Word for word, restate all of the data shown below.

RECORDS FOR THIS EXERCISE Start Marker

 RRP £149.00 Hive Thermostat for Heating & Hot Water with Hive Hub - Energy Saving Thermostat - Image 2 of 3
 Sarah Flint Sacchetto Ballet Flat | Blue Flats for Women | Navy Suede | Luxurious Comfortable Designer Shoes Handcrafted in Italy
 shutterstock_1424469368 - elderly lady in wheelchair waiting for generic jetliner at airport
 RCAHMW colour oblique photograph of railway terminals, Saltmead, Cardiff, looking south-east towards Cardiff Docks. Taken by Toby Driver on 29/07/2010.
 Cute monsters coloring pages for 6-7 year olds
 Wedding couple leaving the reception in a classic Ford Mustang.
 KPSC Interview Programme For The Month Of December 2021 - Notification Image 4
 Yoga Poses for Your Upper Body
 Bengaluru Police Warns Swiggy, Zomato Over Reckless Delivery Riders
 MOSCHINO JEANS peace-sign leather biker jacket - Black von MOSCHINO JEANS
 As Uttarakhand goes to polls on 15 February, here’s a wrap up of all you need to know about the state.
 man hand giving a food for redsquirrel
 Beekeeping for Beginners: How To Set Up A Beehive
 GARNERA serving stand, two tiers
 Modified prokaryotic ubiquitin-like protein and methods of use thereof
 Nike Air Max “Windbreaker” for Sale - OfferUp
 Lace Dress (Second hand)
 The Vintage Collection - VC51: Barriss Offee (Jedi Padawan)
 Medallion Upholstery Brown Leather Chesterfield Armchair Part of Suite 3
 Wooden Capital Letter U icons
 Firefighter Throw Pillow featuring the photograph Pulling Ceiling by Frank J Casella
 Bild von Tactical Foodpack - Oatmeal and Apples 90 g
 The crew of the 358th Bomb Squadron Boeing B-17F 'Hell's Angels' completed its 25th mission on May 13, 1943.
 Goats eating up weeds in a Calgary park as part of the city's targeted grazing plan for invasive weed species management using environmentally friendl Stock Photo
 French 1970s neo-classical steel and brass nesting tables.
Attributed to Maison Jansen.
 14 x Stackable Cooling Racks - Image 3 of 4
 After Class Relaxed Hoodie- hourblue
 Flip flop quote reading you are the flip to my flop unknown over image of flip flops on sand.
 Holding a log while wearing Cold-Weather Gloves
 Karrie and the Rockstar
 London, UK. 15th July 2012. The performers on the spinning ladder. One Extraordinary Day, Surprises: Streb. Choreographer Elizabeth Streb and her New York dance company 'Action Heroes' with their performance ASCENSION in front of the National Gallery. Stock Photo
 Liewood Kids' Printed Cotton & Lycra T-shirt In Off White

RECORDS FOR THIS EXERCISE End Marker

ANSWER SPACE:
 RRP £149.00 Hive Thermostat for Heating & Hot Water with Hive Hub - Energy Saving Thermostat - Image 2 of 3
 Sarah Flint Sacchetto Ballet Flat | Blue Flats for Women | Navy Suede | Luxurious Comfortable Designer Shoes Handcrafted in Italy
 shutterstock_1424469368 - elderly lady in wheelchair waiting for generic jetliner at airport
 RCAHMW colour oblique photograph of railway terminals, Saltmead, Cardiff, looking south-east towards Cardiff Docks. Taken by Toby Driver on 29/07/2010.
 Cute monsters coloring pages for 6-7 year olds
 Wedding couple leaving the reception in a classic Ford Mustang.
 KPSC Interview Programme For The Month Of December 2021 - Notification Image 4
 Yoga Poses for Your Upper Body
 Bengaluru Police Warns Swiggy, Zomato Over Reckless Delivery Riders
 MOSCHINO JEANS peace-sign leather biker jacket - Black von MOSCHINO JEANS
 As Uttarakhand goes to polls on 15 February, here’s a wrap up of all you need to know about the state.
 man hand giving a food for redsquirrel
 Beekeeping for Beginners: How To Set Up A Beehive
 GARNERA serving stand, two tiers
 Modified prokaryotic ubiquitin-like protein and methods of use thereof
 Nike Air Max “Windbreaker” for Sale - OfferUp
 Lace Dress (Second hand)
 The Vintage Collection - VC51: Barriss Offee (Jedi Padawan)
 Medallion Upholstery Brown Leather Chesterfield Armchair Part of Suite 3
 Wooden Capital Letter U icons
 Firefighter Throw Pillow featuring the photograph Pulling Ceiling by Frank J Casella
 Bild von Tactical Foodpack - Oatmeal and Apples 90 g
 The crew of the 358th Bomb Squadron Boeing B-17F 'Hell's Angels' completed its 25th mission on May 13, 1943.
 Goats eating up weeds in a Calgary park as part of the city's targeted grazing plan for invasive weed species management using environmentally friendl Stock Photo
 French 1970s neo-classical steel and brass nesting tables.
Attributed to Maison Jansen.
 14 x Stackable Cooling Racks - Image 3 of 4
 After Class Relaxed Hoodie- hourblue
 Flip flop quote reading you are the flip to my flop unknown over image of flip flops on sand.
 Holding a log while wearing Cold-Weather Gloves
 Karrie and the Rockstar
 London, UK. 15th July 2012. The performers on the spinning ladder. One Extraordinary Day, Surprises: Streb. Choreographer Elizabeth Streb and her New York dance company 'Action Heroes' with their performance ASCENSION in front of the National Gallery. Stock Photo
 Liewood Kids' Printed Cotton & Lycra T-shirt In Off White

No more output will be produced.